Please, send your question and comments to histonedb-help@ncbi.nlm.nih.gov.

Nomenclature

This database of histone variant follows the new nomenclature introduced in ref. [1], which may be summarized in the following form:

[prefix]TYPE.VARIANT

TYPE = Histone type name (H2A, H2B, H3, H4, H1)
VARIANT:
- Letter: used to denote a structurally distinct monophyletic clade of a histone family (exception is H2A.X).
- Number: used to denote a species-specific variant, not defined by phylogeny but clear orthology.

prefix = used to denote a structurally distinct clade of core histones (e.g.: macroH2A, subH2B, cenH3).

Example: H2A.Z

References

Talbert PB, Ahmad K, et al. "A unified phylogeny-based nomenclature for histone variants." Epigenetics Chromatin, 2012. PMID: 22650316

Classification

The automatic classification algorithms employed in the current database is described below. More details available in ref.[1].

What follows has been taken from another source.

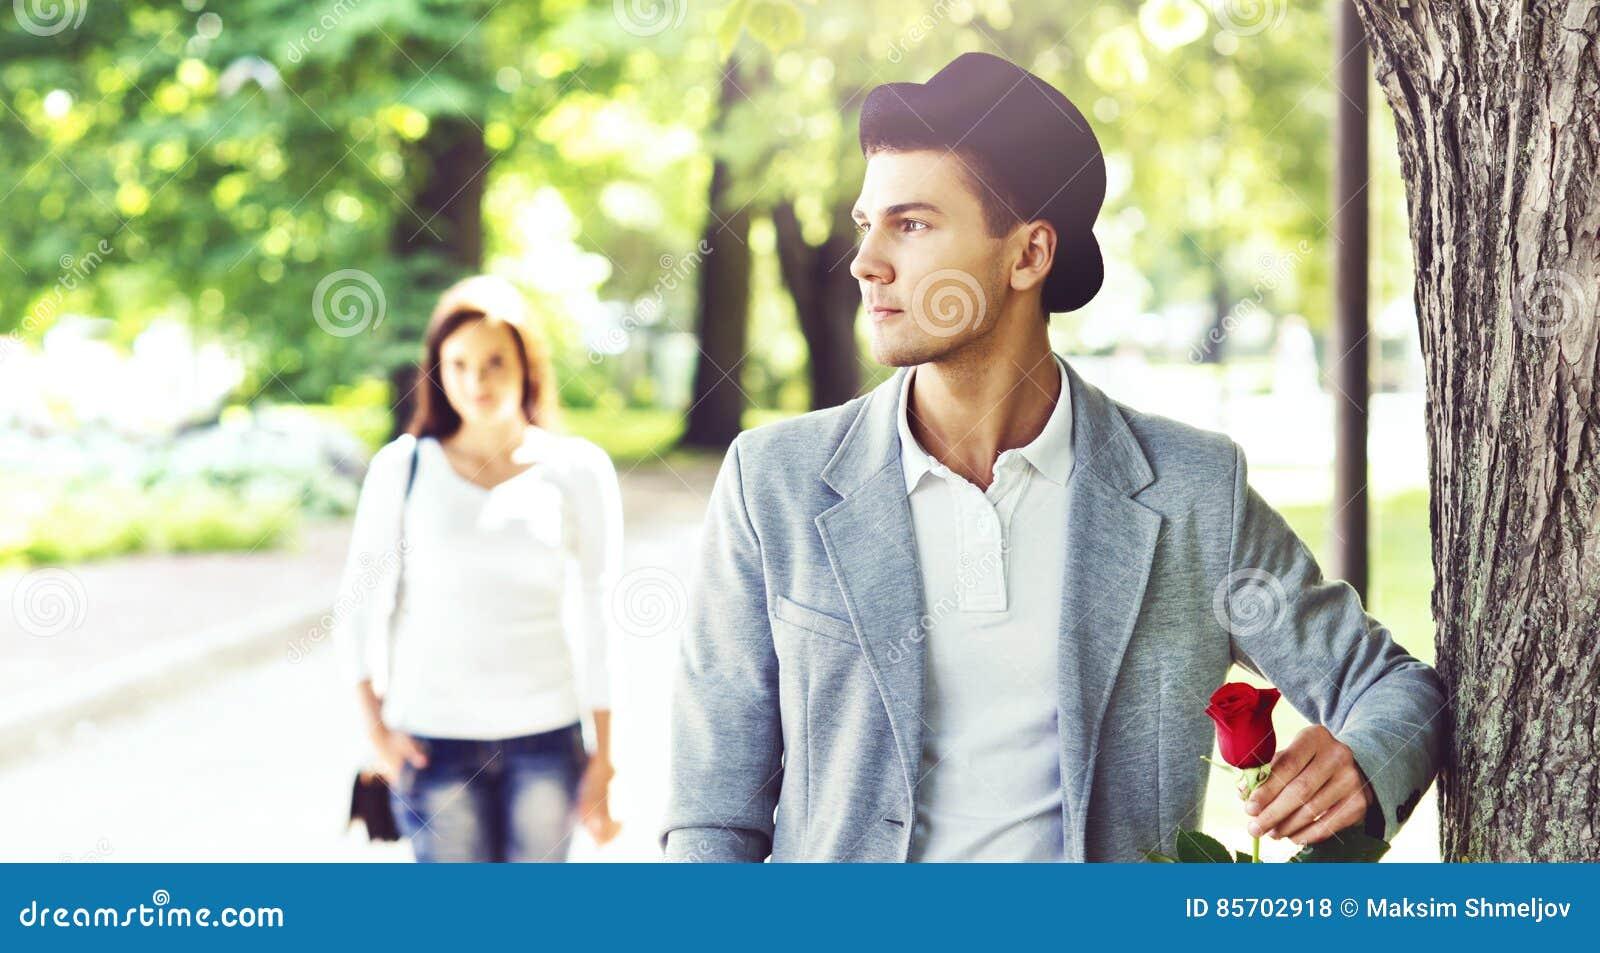 Dating stilig man hastighet dating Birmingham Muslim

Curated alignments of histone variants were used to train Hidden Markov Models, utilizing HMMER 3.1b2, to create one HMM for each variant. These models were used as a part of automatic extraction and annotation pipeline. Namely, all sequences from the nr protein database have been classified by the HMM models (variants and canonical) and were added into the HistoneDB 2.0 as “automatically extracted sequences”. We assigned a model with a maximum HMMER score to a given sequence. The score was required to exceed a certain threshold identified as follows. For any given variant model, we searched the curated sequence set and calculated HMMER scores for all curated sequences. We then varied the HMMER score threshold in order to distinguish variant sequences from all other sequences with 90% specificity. Specificity of retrieval was estimated based on the number of true positives (TPs; sequences correctly predicted by their native model) and false positives (FPs; incorrectly predicted sequences) found above each HMMER score cutoff. The specificity was calculated as TN/(FP+TN). Then a desired score cutoff value was obtained from the interpolated inverse curve of the score cutoffs plotted versus specificity. The efficacy of classification based on HMM models depends significantly on whether the respective histone variant model is sufficiently divergent and forms a separate clade on the phylogenetic tree. For certain variants, which emerged repeatedly in the course of evolution, the classification becomes difficult unless a characteristic signature is known. In the case of H2A.X, HMM search algorithm was supplemented by the pattern matching, since this variant is characterized by the presence of ‘SQ(E/D)Φ’ motif as described above. Any sequence that was classified as canonical H2A by HMMER-based algorithm was reclassified as H2A.X if it had this motif at its C-terminus. The described above classification algorithm can be also applied to classify any sequence of interest via "Analyze Your Sequence" tab.

References

Draizen EJ, Shaytan AK, Marino-Ramirez L, Talbert PB, Landsman D, Panchenko AR. "HistoneDB 2.0 - with Variants: an integrated resource to explore histones and histone variants." Database. In Preparation.

Download

How can I download all sequences?

List of all histone sequences referenced by GIs can be downloaded here.
List of all HMM scores for the sequences against matching HMM models can be downloaded here.

How to cite

Please cite the database as:
E.J. Draizen, A.K. Shaytan, L. Marino-Ramirez, P.B. Talbert, D. Landsman, A.R. Panchenko. "HistoneDB 2.0 - with Variants: an integrated resource to explore histones and histone variants." Database. In Preparation.